# Benelli Nova Price



## thorpebe (Oct 3, 2003)

There is a guy selling a new nova how much are they going for. I think it is a black one. Who much are the camo ones going for also.


----------



## Norm70 (Aug 26, 2005)

New novas in the stores are 299(final prices is like 324 i think). camo are 369


----------



## texan68 (Nov 29, 2004)

new I think they're 350 - 425, depending on if its camo or black, barrel length, accessories, etc.


----------



## TN.Frank (Nov 12, 2005)

Locally, around $300 for the black and $350 for the camo. I almost bought a Nova but I found a nice Mossbert 500 Turkey gun(camo,ported, 24" bbl,) for $225 so I got it instead.


----------



## WisconsinWaterfowler (Dec 10, 2005)

Mine is a Benelli Nova 12ga.

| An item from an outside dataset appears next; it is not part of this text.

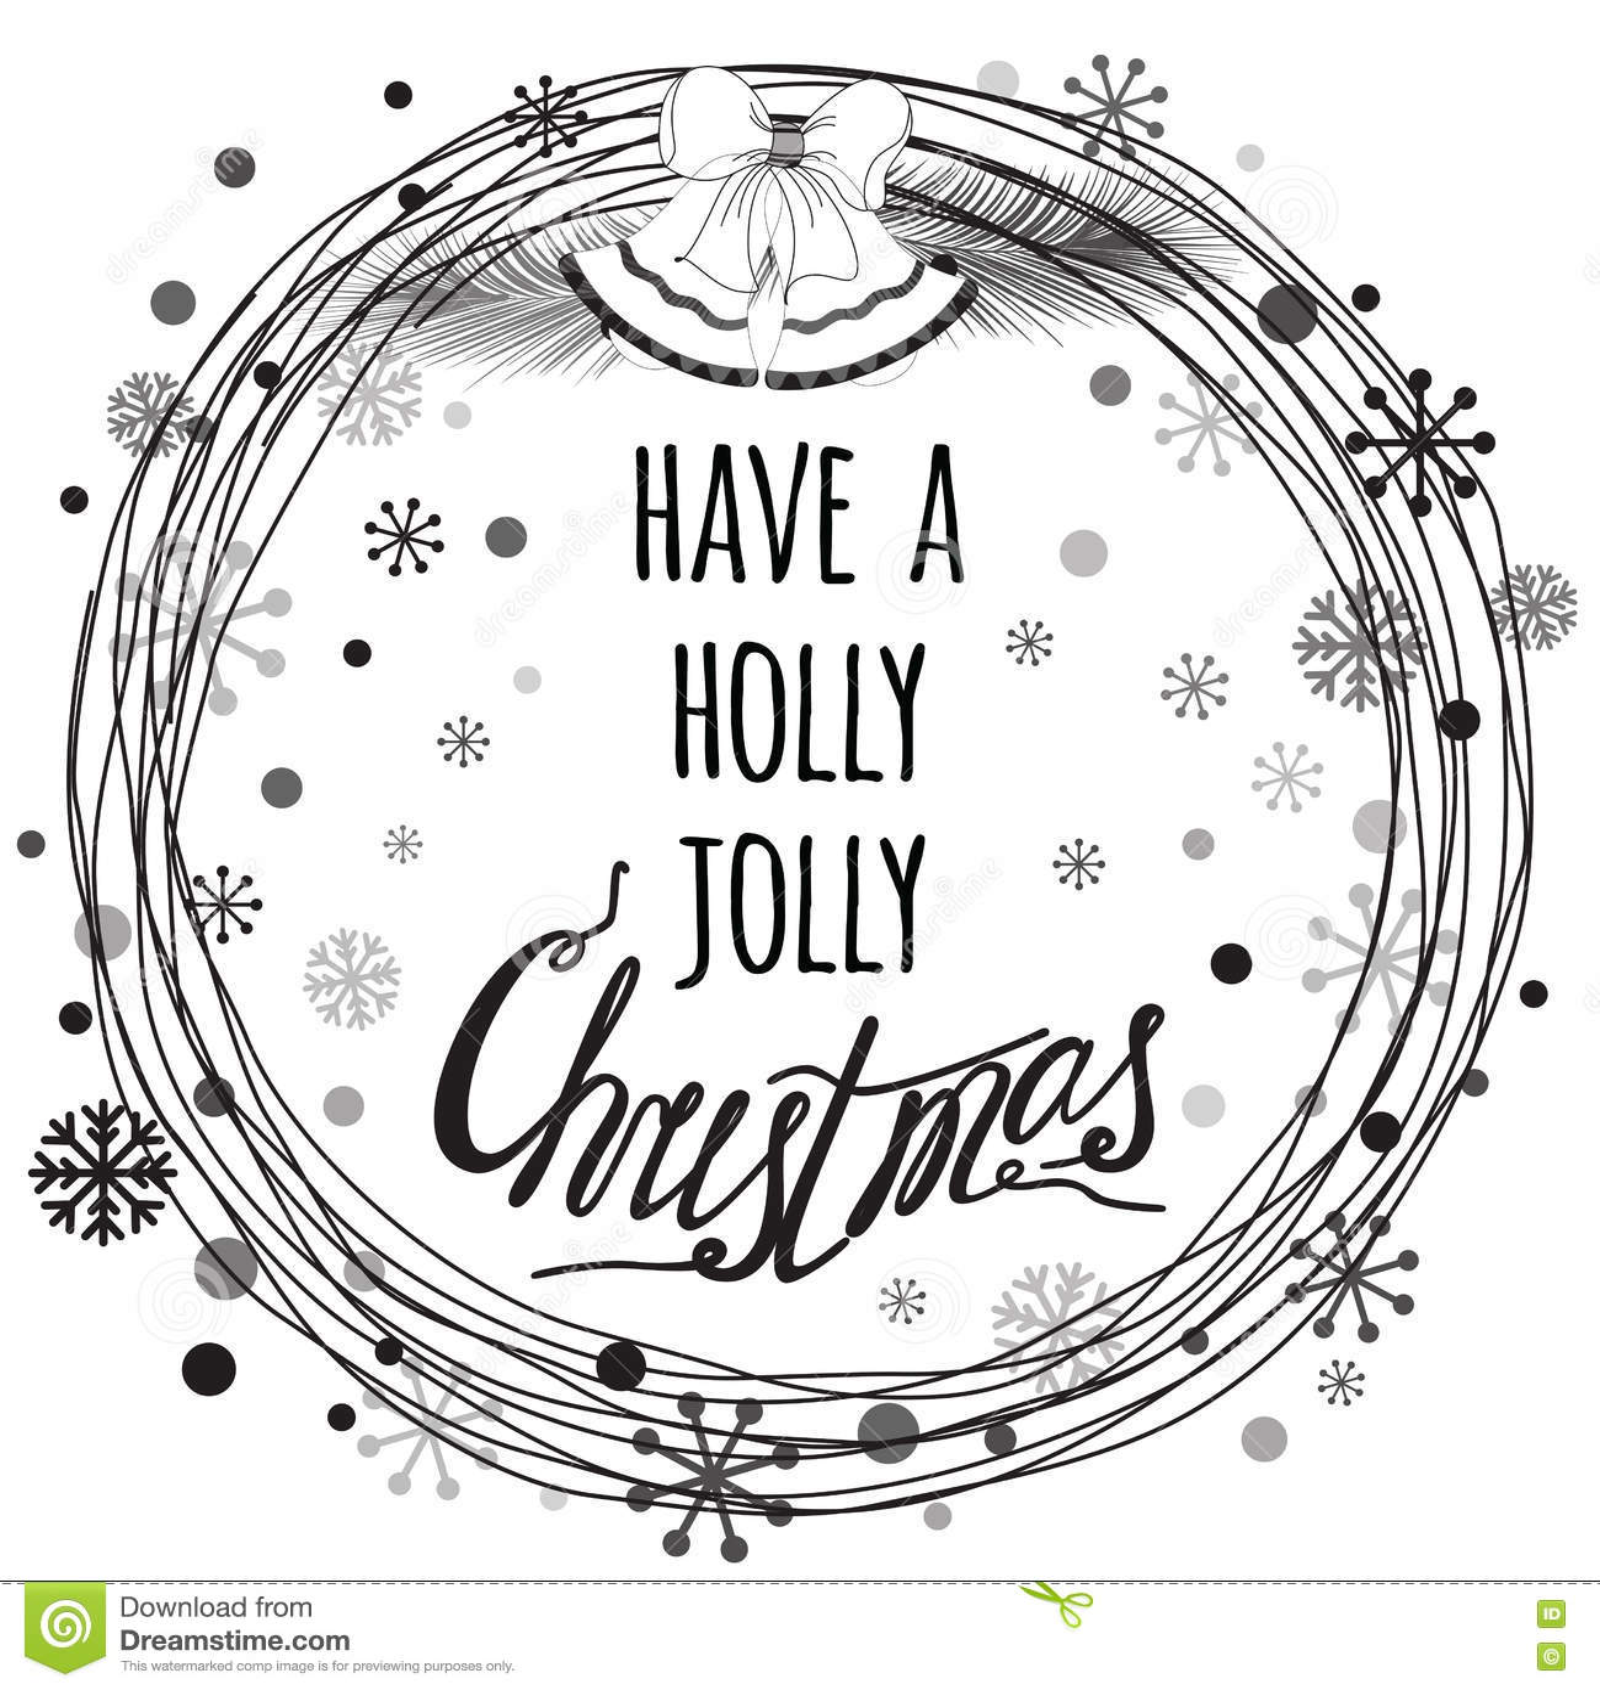 Heb Een Holly Jolly Christmas Quote Typography Banner-Ontwerp Vector ...

Pump Max 4-HD camo with 28in barrel for $360


----------



## Herters_Decoys (Mar 1, 2002)

Has anyone shot a 26'' and a 28'' barrel on a nova?? If so did you notice a big difference. And would it matter if you had a 26" with a pattern master?


----------



## BROWNDOG (Nov 2, 2004)

nope I'ts all in the choke


----------



## duckduck...goose! (Jan 4, 2006)

up here in canada, benellis are over 2000$ its carazy how much down there.


----------



## Norm70 (Aug 26, 2005)

2000 for a nova or an SBE? Or a custom gun?


----------



## duckduck...goose! (Jan 4, 2006)

customs get in 2 the 4000s and novas are only 2500$ and 3000 for an sbe


----------



## dennisd (Mar 2, 2007)

I just picked up a new nova in black for $249 at Home of Economy on clearance. Cabelas had them on sale for $329 in camo last week.


----------



## Bgunit68 (Dec 26, 2006)

They are a good gun. But they do make a lot of noise (rattle).


----------



## pheasantfanatic (Jan 20, 2007)

The new Nova and Supernova doesn't rattle like the first ones did.


----------



## dennisd (Mar 2, 2007)

The rattle on the Nova can be fixed with an allen wrench. 2 screws on the outside of the pump handle.


----------